El Universo de Talticpac

 

Más que un grupo musical como cualquier otro, ahora se ha convertido en la Asociación de Investigación Cultural Talticpac, que en náhuat significa universo. Es un conjunto que nació para estudiar el náhuat, la música folclórica, investigar la arqueología, la tradición oral y conservar instrumentos musicales de viento prehispánicos que han sido inventariados en Patrimonio Cultural.


Lunes 12 de noviembre de 2007
Teresa Andrade
teresa.andrade@centroamerica21.com

 

Corría 1987, en plena guerra civil salvadoreña. Muchas manifestaciones culturales de los pueblos y comunidades se habían detenido por el conflicto armado. En muchos de ellos, ya ni celebraban sus fiestas patronales. Cuando un grupo de jóvenes estudiantes inquietos comenzaron a maquinar desde sus puestos qué podían hacer ante esta caída de las manifestaciones tradicionales de los pueblos.
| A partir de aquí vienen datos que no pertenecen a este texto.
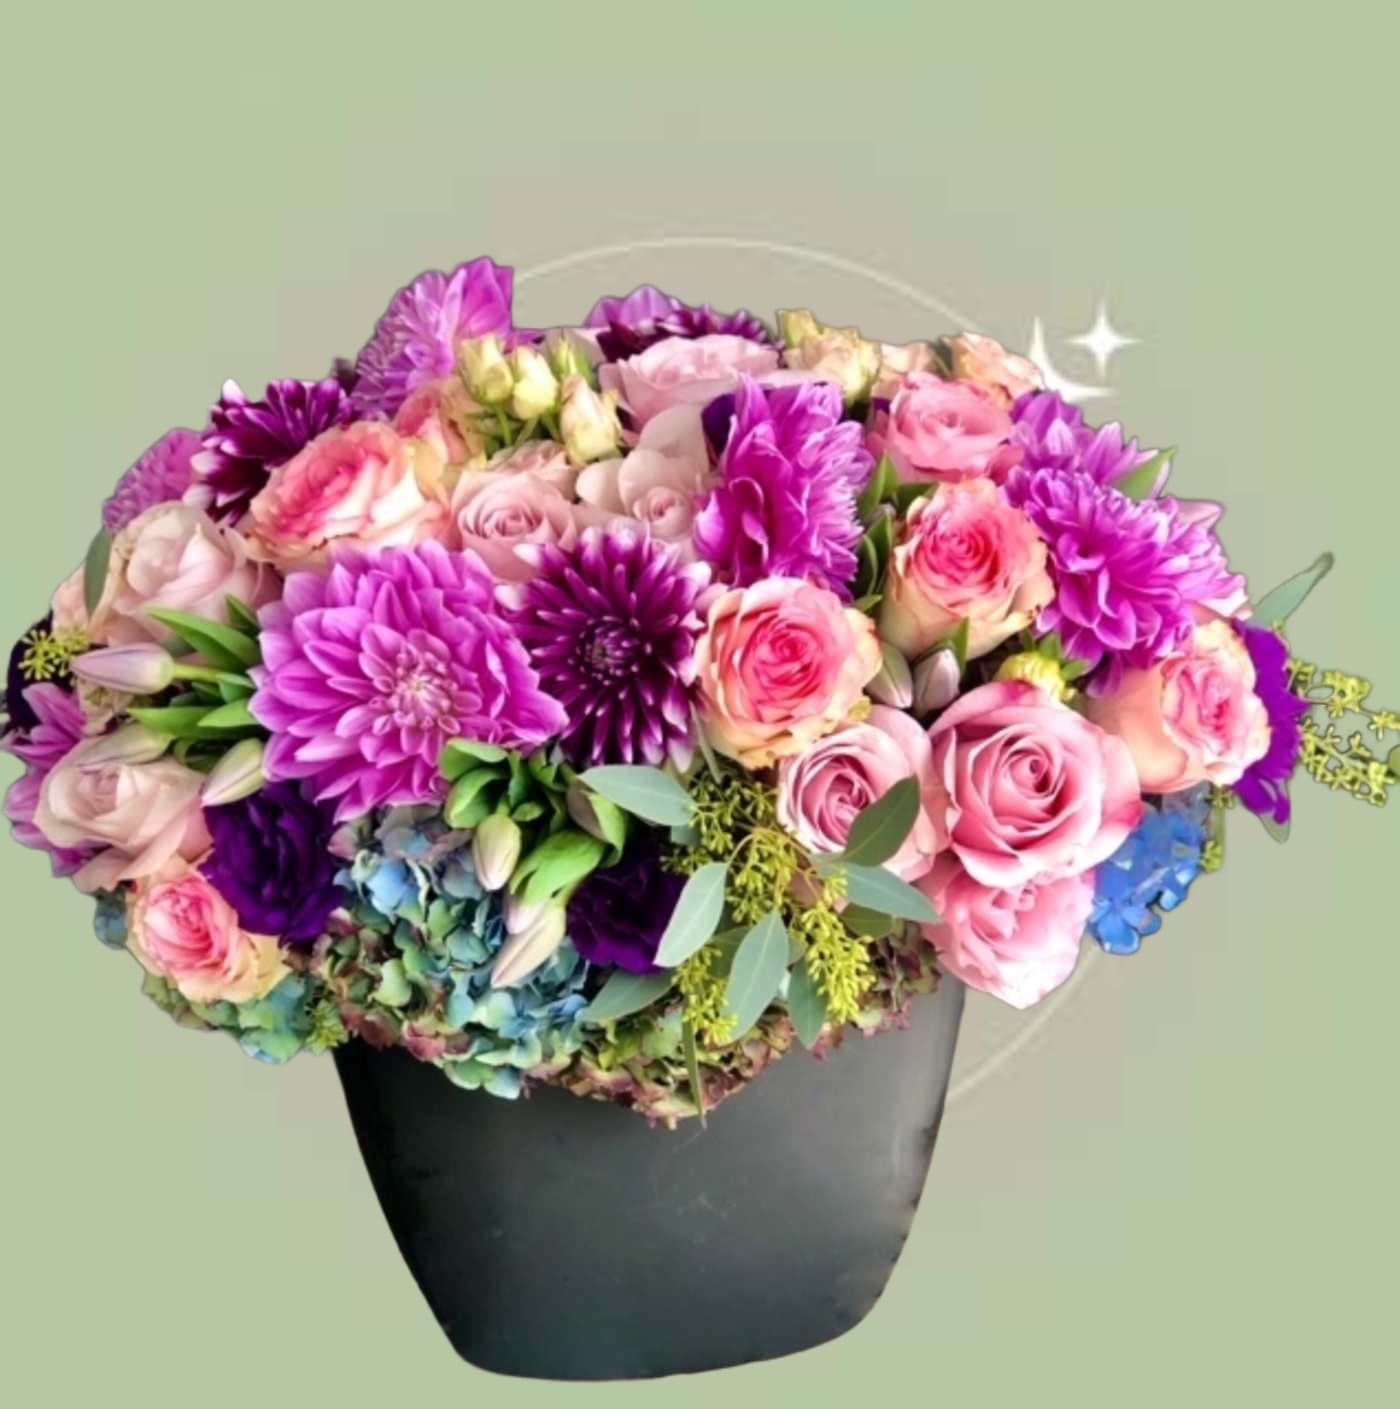 Burst of Springtime - PLEASE NOTE: Although we make all the effort to create a floral arrangement as close to the photo shown, the actual arrangement delivered may vary slightly in its appearance from the photo shown. If you have any questions about your order, we welcome you to call us in or email us to discuss further. Thank you!

Estos jóvenes universitarios tenían ya una experiencia recorrida en algunas expresiones de la cultura salvadoreña. Algunos estaban más atraídos por la arqueología, otros por la música y otros por la parte lingüística y el estudio del idioma náhuat. Posteriormente, otros jóvenes comenzaron con la inquietud de investigar sobre la danza.

Pito

Entonces, deciden formar Talticpac, con el único fin de investigar, valorizar y rescatar la tradición indígena de El Salvador, en el sentido de dar a conocer su riqueza a través de la música y otras expresiones culturales.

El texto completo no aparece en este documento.